Role of POLE and POLD1 in familial cancer

Abstract

Purpose: Germline pathogenic variants in the exonuclease domain (ED) of polymerases POLE and POLD1 predispose to adenomatous polyps, colorectal cancer (CRC), endometrial tumors, and other malignancies, and exhibit increased mutation rate and highly specific associated mutational signatures. The tumor spectrum and prevalence of POLE and POLD1 variants in hereditary cancer are evaluated in this study.

Methods: POLE and POLD1 were sequenced in 2813 unrelated probands referred for genetic counseling (2309 hereditary cancer patients subjected to a multigene panel, and 504 patients selected based on phenotypic characteristics). Cosegregation and case-control studies, yeast-based functional assays, and tumor mutational analyses were performed for variant interpretation.

Results: Twelve ED missense variants, 6 loss-of-function, and 23 outside-ED predicted-deleterious missense variants, all with population allele frequencies <1%, were identified. One ED variant (POLE p.Met294Arg) was classified as likely pathogenic, four as likely benign, and seven as variants of unknown significance. The most commonly associated tumor types were colorectal, endometrial and ovarian cancers. Loss-of-function and outside-ED variants are likely not pathogenic for this syndrome.

Conclusions: Polymerase proofreading-associated syndrome constitutes 0.1-0.4% of familial cancer cases, reaching 0.3-0.7% when only CRC and polyposis are considered. ED variant interpretation is challenging and should include multiple pieces of evidence.

Keywords: PPAP; exonuclease domain; hereditary colorectal cancer; polymerase proofreading–associated polyposis; ultramutated phenotype.

Fig. 1. Schematic representation of the characteristics of the cohorts analyzed in this study, prevalence of (likely) pathogenic variants in cancer-predisposing genes, and results of the current study for exonuclease domain (ED) missense variants in POLE and POLD1.

BC breast cancer, BrC brain tumor, CRC colorectal cancer, EC endometrial cancer, GC gastric cancer, HBC hereditary breast cancer, HBOC hereditary breast and ovarian cancer, HOC hereditary ovarian cancer, HNPCC hereditary nonpolyposis colorectal cancer, LF Li–Fraumeni syndrome, LP likely pathogenic, OC ovarian cancer, PPAP polymerase proofreading–associated polyposis, VUS variant of unknown significance.

Fig. 2. Functional analysis carried out in Schizosaccharomyces pombe for variants located within (or close to) the POLE exonuclease domain (ED).

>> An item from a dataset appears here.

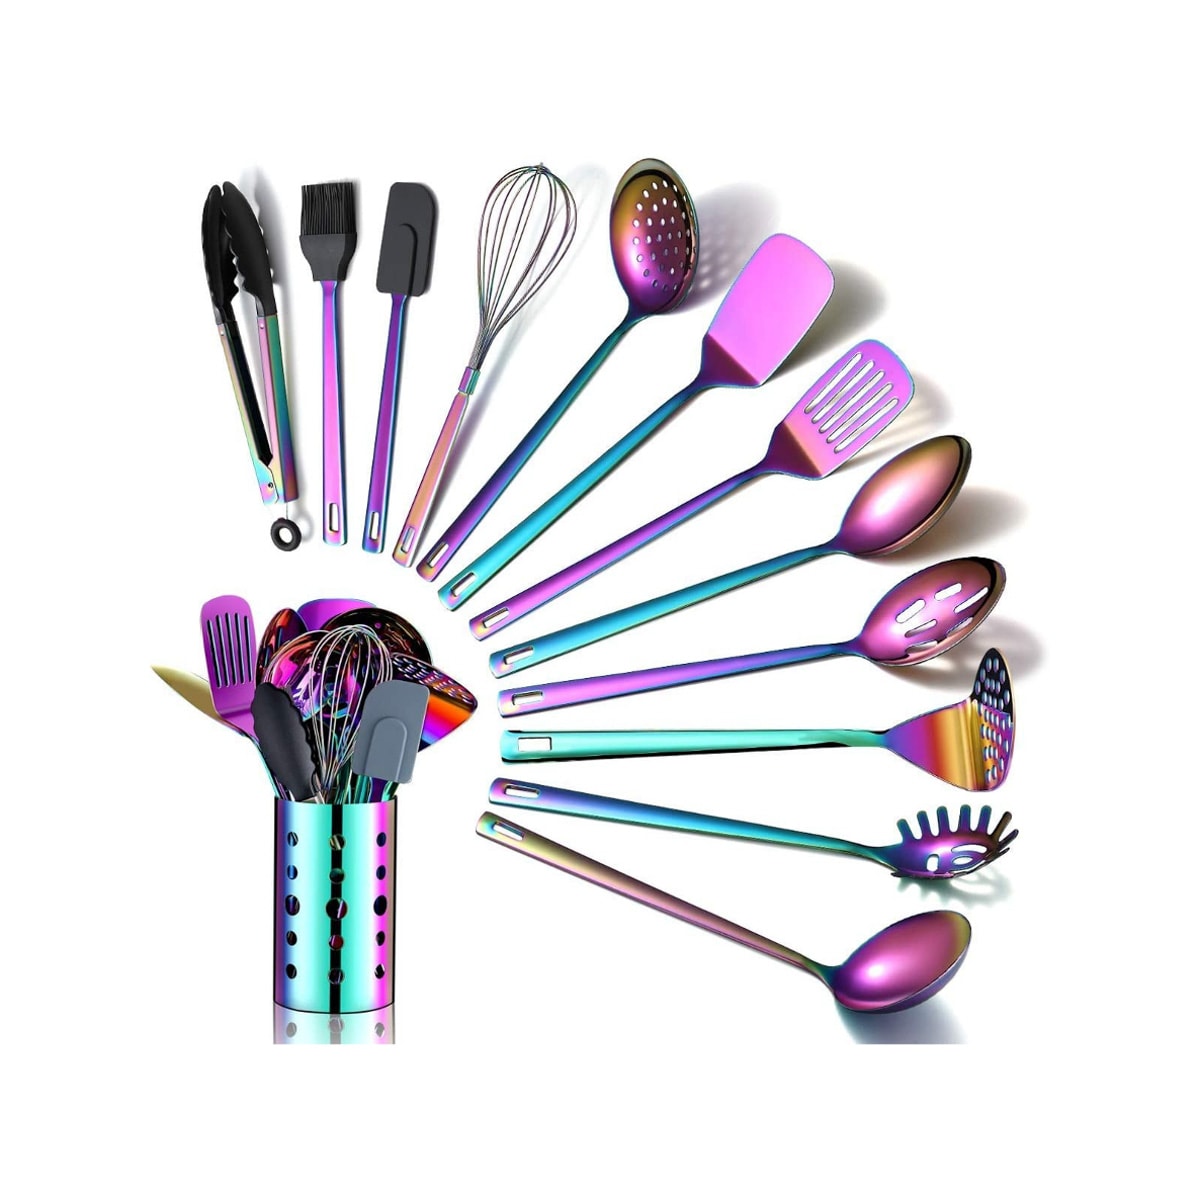 A set of metal, rainbow-colored cooking utensils with a matching holder.

(a) Alignment of human POLE and their homolog in yeast (Pol2). The identified variants are highlighted in yellow (conserved residues) and the POLE p.Leu424Val, used as positive control, in green. ED is depicted in red (human: residues 268–471, yeast: residues 98–428) and its sequence motifs are shaded in gray. (b) Left panel: box plots showing mutation rates of ade6-485 S. pombe (number of colonies) for pol2 wildtype (WT, negative control), ED mutation-positive control (pol2-Leu425Val; C+) and the corresponding variants. Right panel: fold rate increase relative to the median number of revertants in the WT. Data obtained from two independent experiments performed in triplicate. *p value = 0.01, **p value = 0.01–0.001, and ***p value < 0.001 indicate the differences with the WT clone, and were calculated using the Mann–Whitney nonparametric test.

Fig. 3. Structural representation of human POLE and POLD1 and location of the ED variants identified in the current study.

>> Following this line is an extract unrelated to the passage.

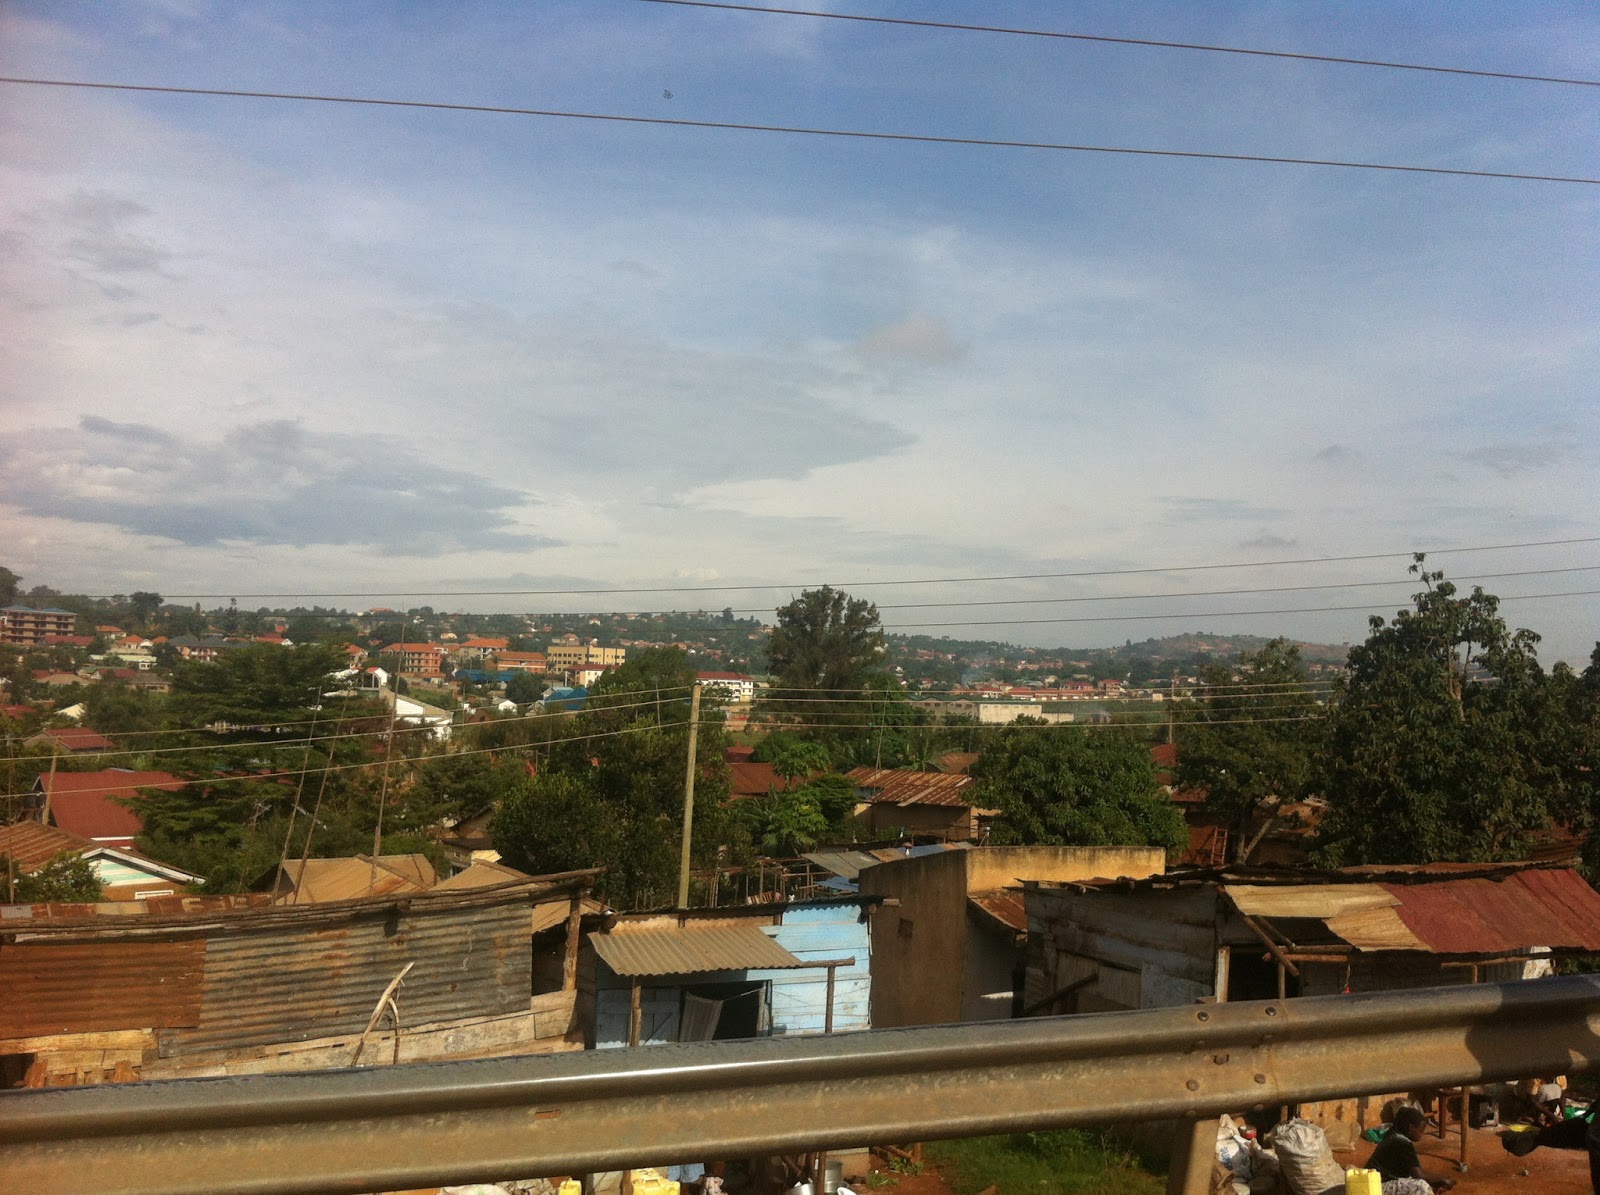 Five Things That Struck Me Upon Arrival In Uganda

(a) 3D structure of POLE. (b) 3D structure of POLD1. Single-stranded DNA from the aligned bacteriophage T4 polymerase complex (PDB ID: 1NOY) is shown in yellow. Variants in the DNA binding pocket are highlighted in red.

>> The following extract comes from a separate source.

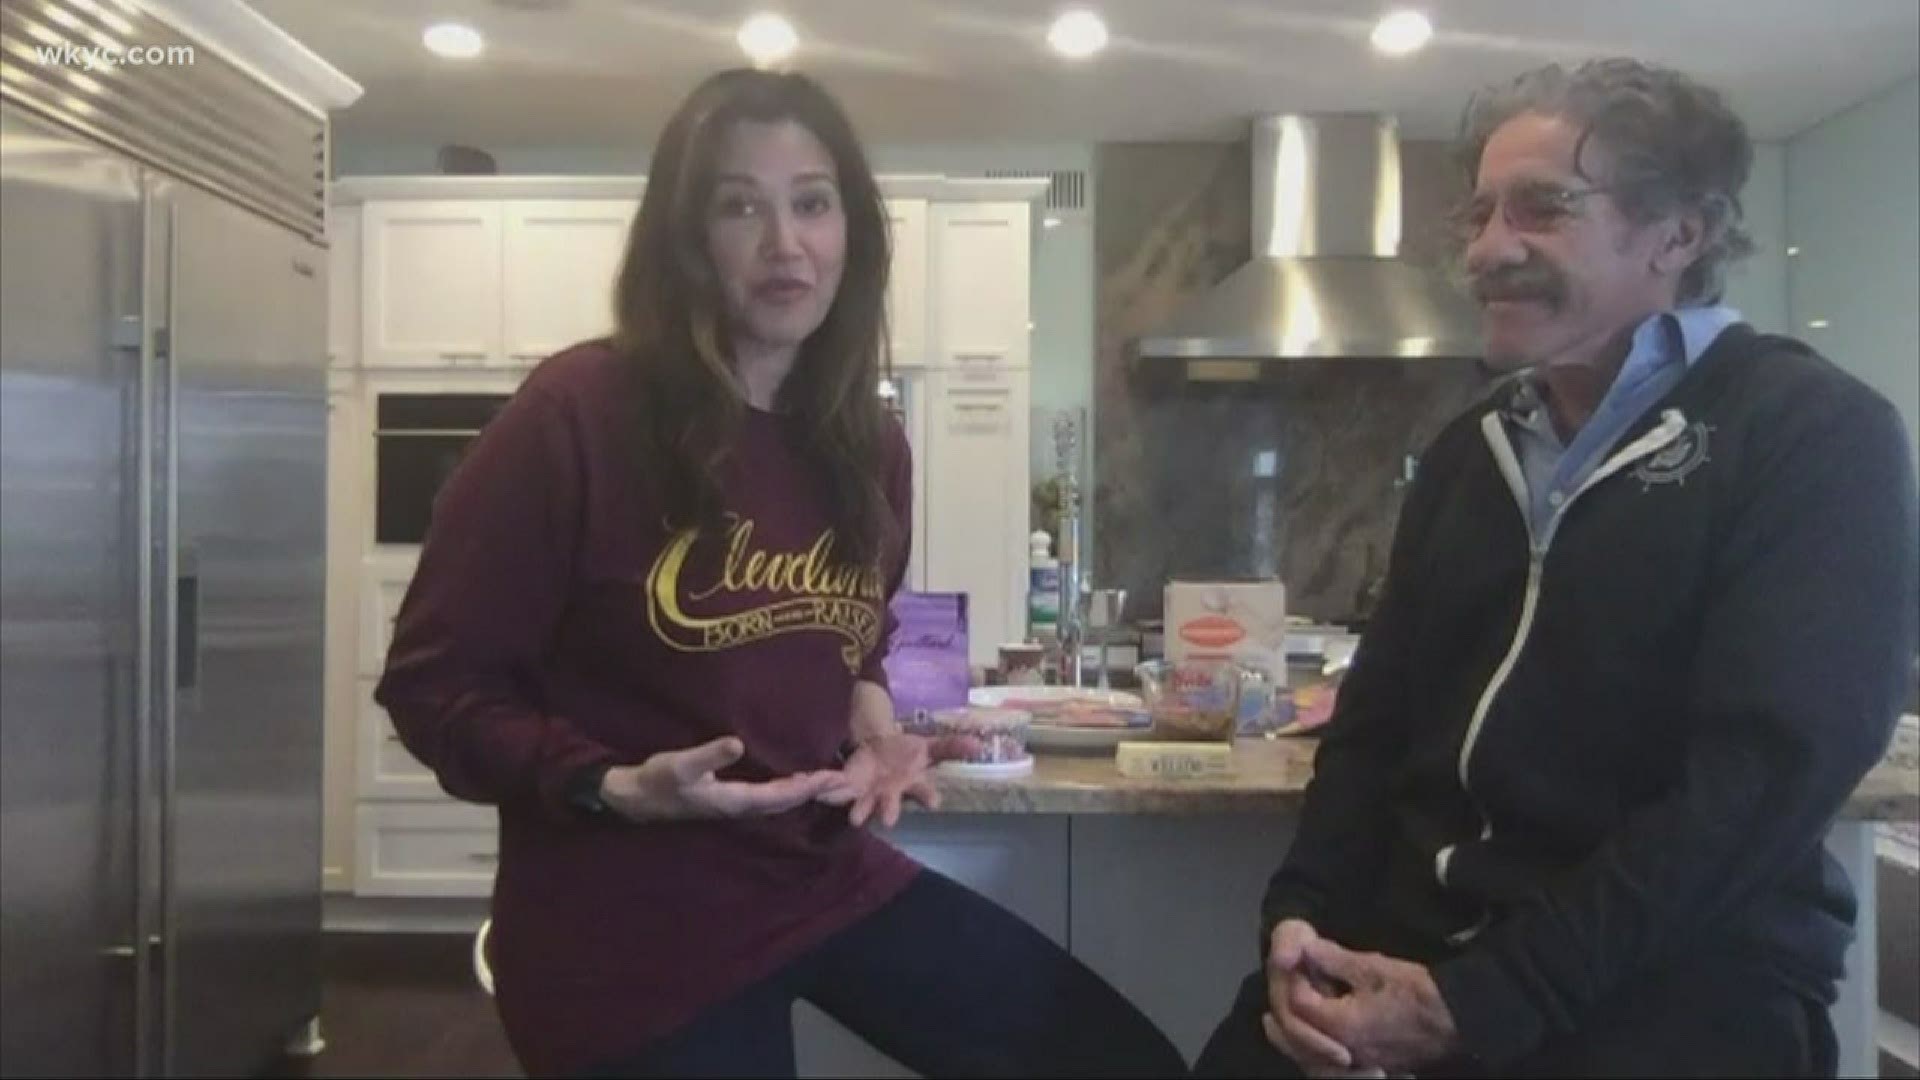 Jewish families around the world and in NEO are preparing for the start of Passover Wednesday night. Erica, Geraldo Rivera tell us how they plan to adapt to the time

Fig. 4. Somatic analysis performed in tumors from POLE/POLD1 variant carriers.

(a) Tumor features including mismatch repair (MMR) deficiency status and mutational burden (hypermutation was considered when the tumor had more than 10 exonic Mut/Mb). ^aHigh-grade serous ovarian cancer. ^bIntestinal origin. ^cMicrosatellite instability (MSI) classification using Bethesda panel. C+, positive controls, i.e., tumors from carriers of variants affecting the POLE/POLD1 ED previously classified as pathogenic. (b) Mutational signature contribution (DeconstructSigs) for hyper/ultramutated tumors (>10 Mut/Mb). CRC colorectal cancer.